Безумных лет угасшее веселье
Мне тяжело, как смутное похмелье.
Но, как вино, – печаль минувших дней
В моей душе чем старе, тем сильней.
Мой путь уныл. Сулит мне труд и горе
Грядущего волнуемое море.
 
Но не хочу, о други, умирать;
Я жить хочу, чтоб мыслить и страдать;
И ведаю, мне будут наслажденья
Меж горестей, забот и треволненья:
Порой опять гармонией упьюсь,
Над вымыслом слезами обольюсь,
И может быть – на мой закат печальный
Блеснёт любовь улыбкою прощальной.
(«Элегия («Безумных лет угасшее веселье»), 8 сентября 1830 года)


Ревёт ли зверь в лесу глухом,
Трубит ли рог, гремит ли гром,
Поёт ли дева за холмом –
          На всякой звук
Свой отклик в воздухе пустом
          Родишь ты вдруг.
 
Ты внемлешь грохоту громов
И гласу бури и валов,
И крику сельских пастухов –
          И шлёшь ответ;
Тебе ж нет отзыва... Таков
          И ты, поэт!
(«Эхо», 5 сентября – 9 октября 1831 года)


     «Определяйте значение слов, говорил Декарт – и вы избавите свет от половины его заблуждений».
(«Обозрение обозрений» (отрывок из чернового варианта), 1831 год)


     Поэзия, которая по своему высшему, свободному свойству не должна иметь никакой цели, кроме самой себя, кольми паче не должна унижаться до того, чтоб силою слова потрясать вечные истины, на которых основаны счастие и величие человеческое, или превращать свой божественный нектар в любострастный, воспалительный состав.
(«Жизнь, стихотворения и мысли Иосифа Делорма» (отрывок), 1831 год)


Нет, нет, не должен я, не смею, не могу
Волнениям любви безумно предаваться;
Спокойствие моё я строго берегу
И сердцу не даю пылать и забываться;
Нет, полно мне любить; но почему ж порой
Не погружуся я в минутное мечтанье,
Когда нечаянно пройдёт передо мной
Младое, чистое, небесное созданье,
Пройдёт и скроется?.. Ужель не можно мне,
Любуясь девою в печальном сладострастье,
Глазами следовать за ней и в тишине
Благословлять её на радость и на счастье,
И сердцем ей желать все блага жизни сей,
Весёлый мир души, беспечные досуги,
Всё – даже счастие того, кто избран ей,
Кто милой деве даст название супруги.
(«К***», 5 октября 1832 года)


     Ты видишь, моя жёнка, что слава твоя распространилась по всем уездам.

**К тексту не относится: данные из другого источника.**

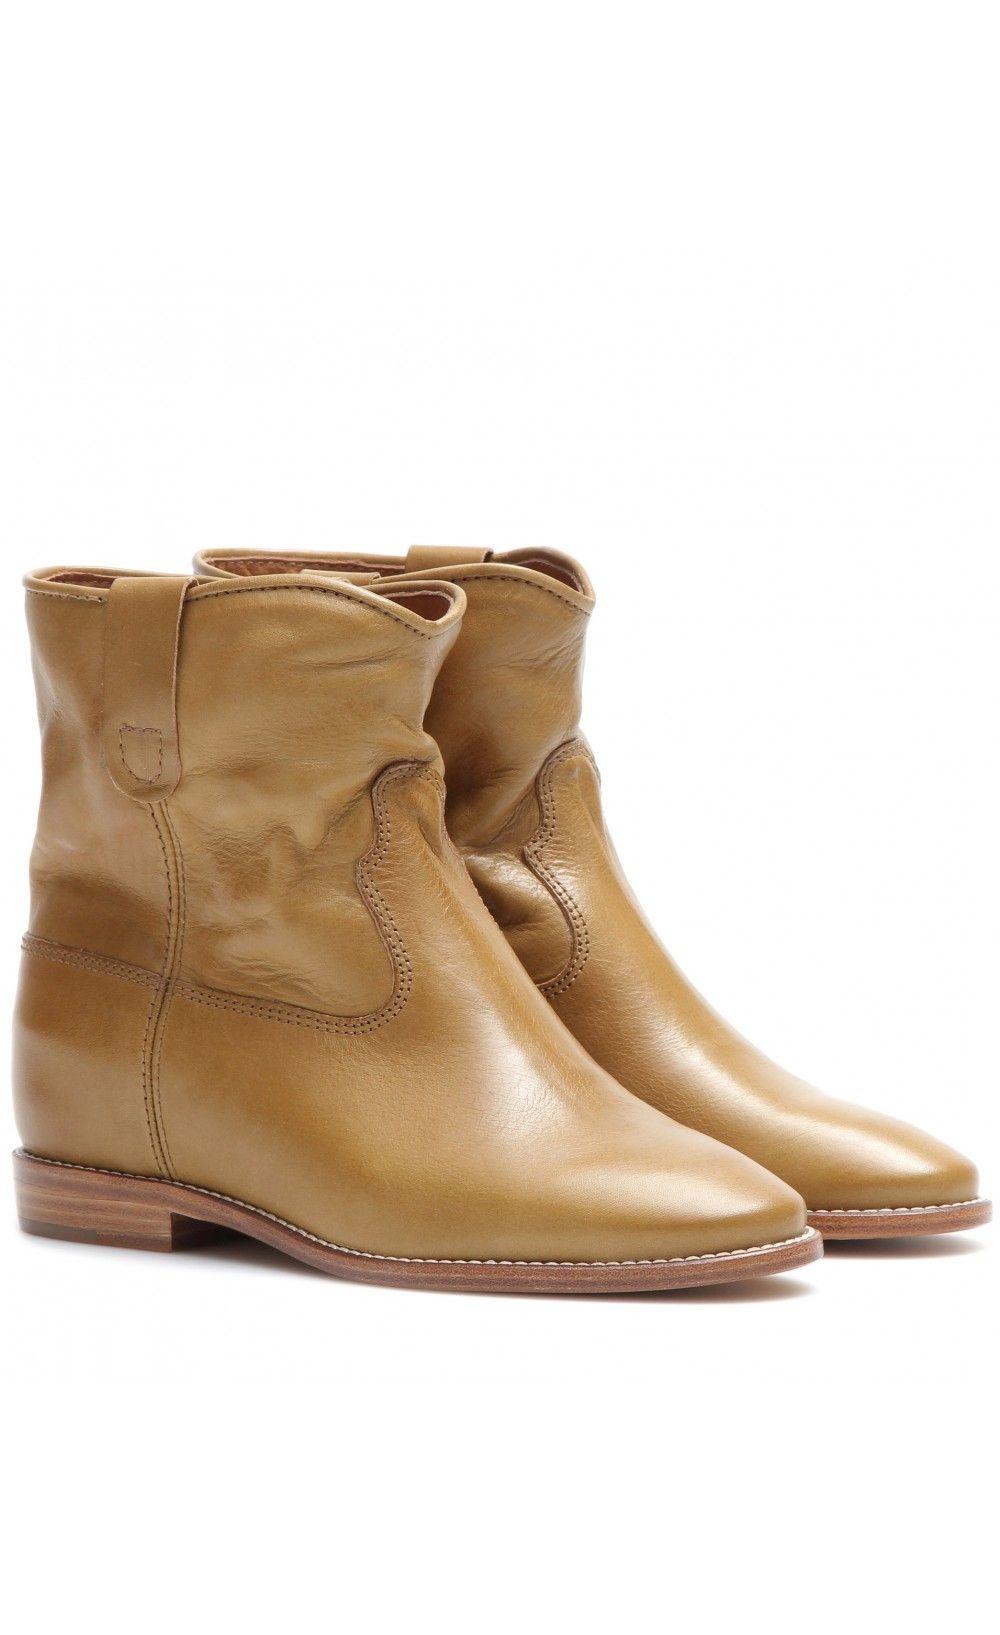 4b0e9e3c9b Isabel Marant ÉToile Cluster Leather Boots Camel - Isabel Marant ...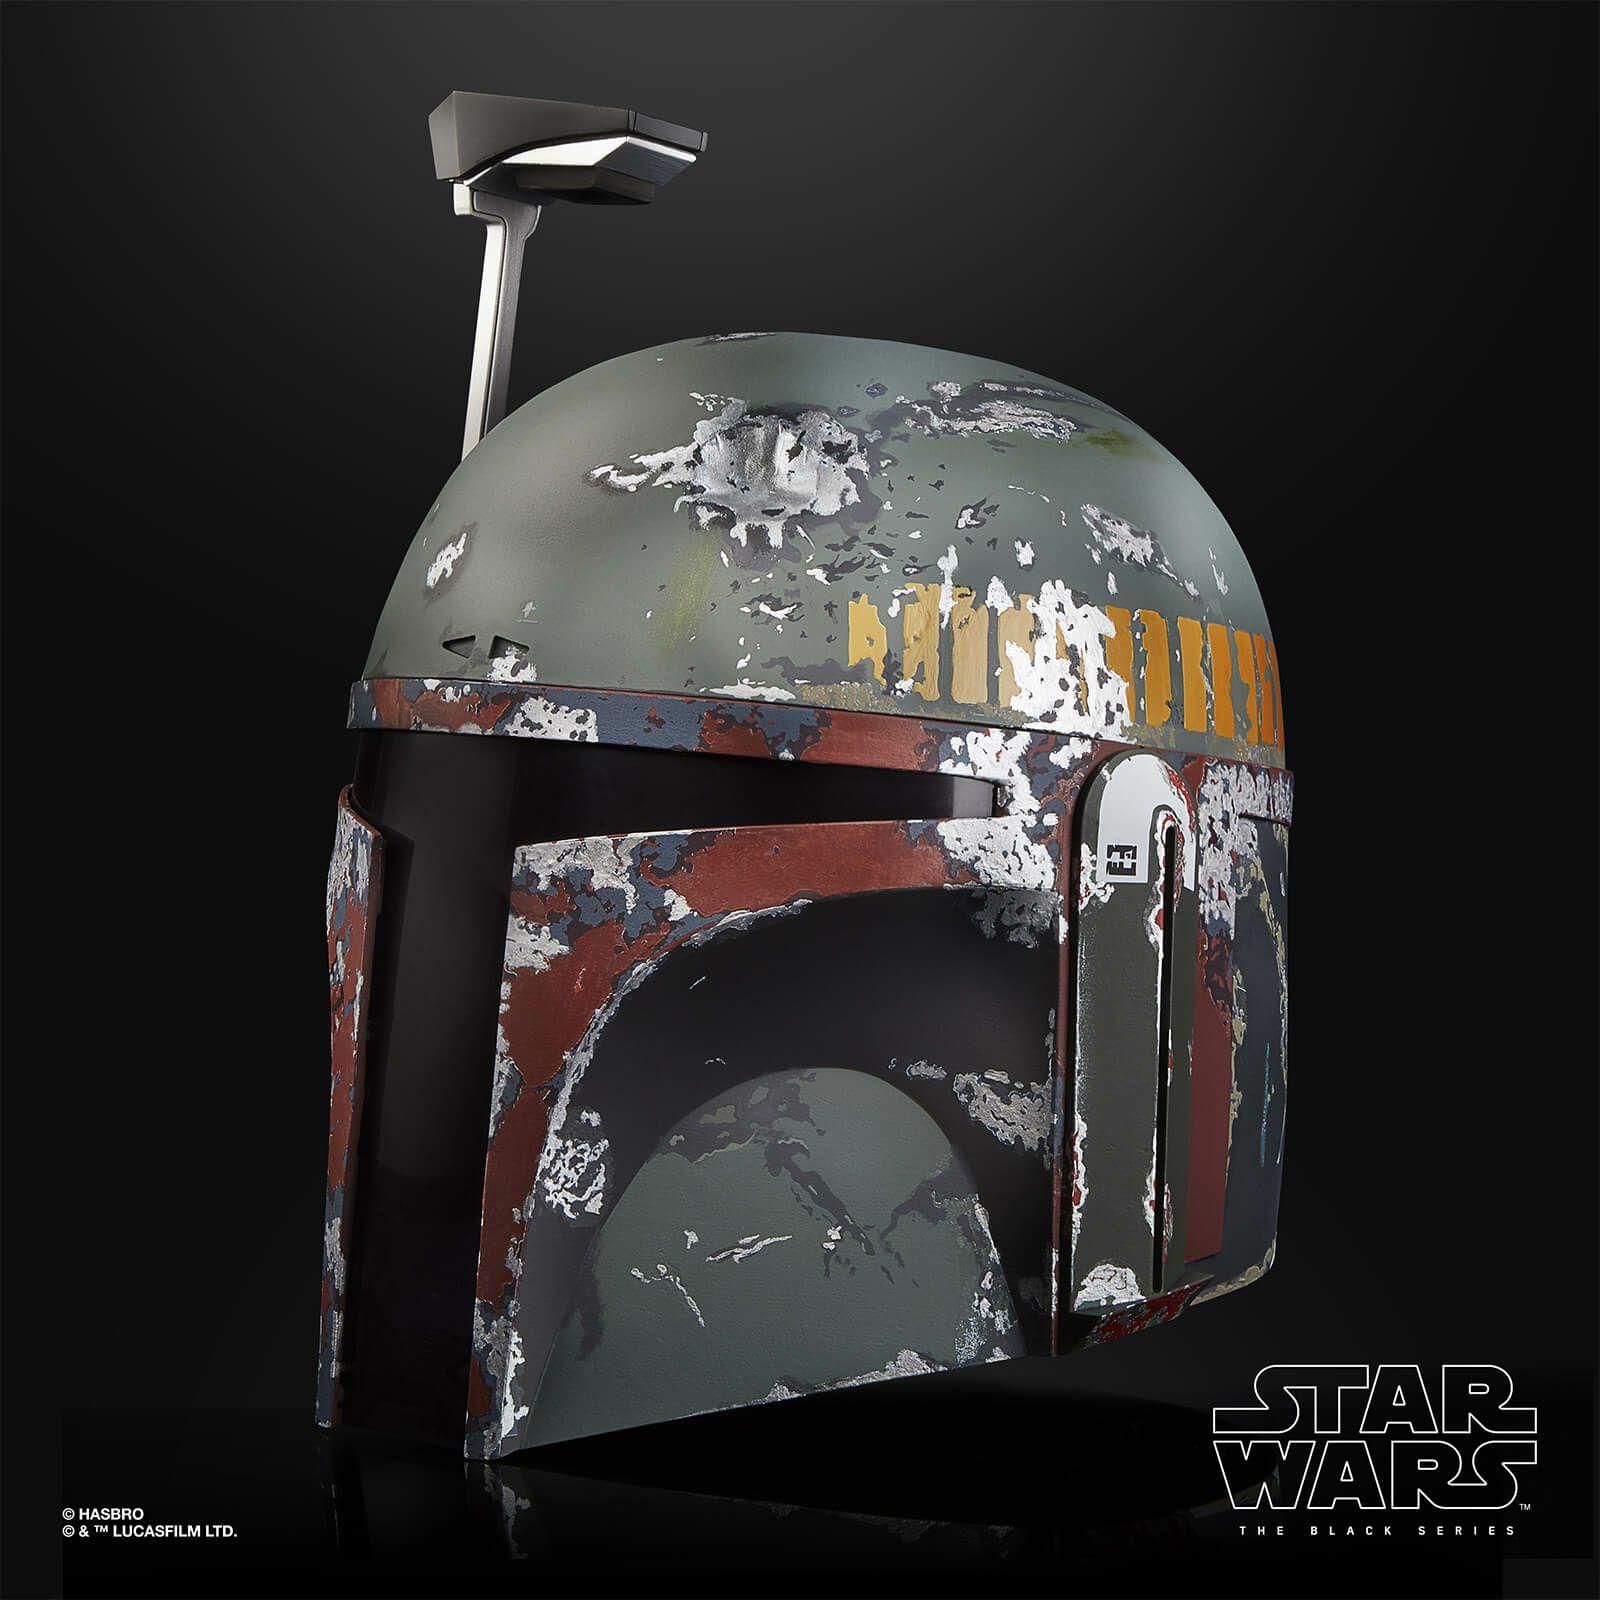 Hasbro Star Wars The Black Series Boba Fett Electronic Helmet £109.99 @ Scan

Довольна ли ты? будьте здоровы все; помнит ли меня Маша, и нет ли у ней новых затей? Прощай, моя плотненькая брюнетка (что ли?). Я веду себя хорошо, и тебе не за что на меня дуться. Письмо это застанет тебя после твоих именин. Гляделась ли ты в зеркало, и уверилась ли ты, что с твоим лицом ничего сравнить нельзя на свете, – а душу твою люблю я ещё более твоего лица. Прощай, мой ангел, целую тебя крепко.
(Из письма Пушкиной Н.Н. от 21 августа 1833 года. Из Павловского в Петербург)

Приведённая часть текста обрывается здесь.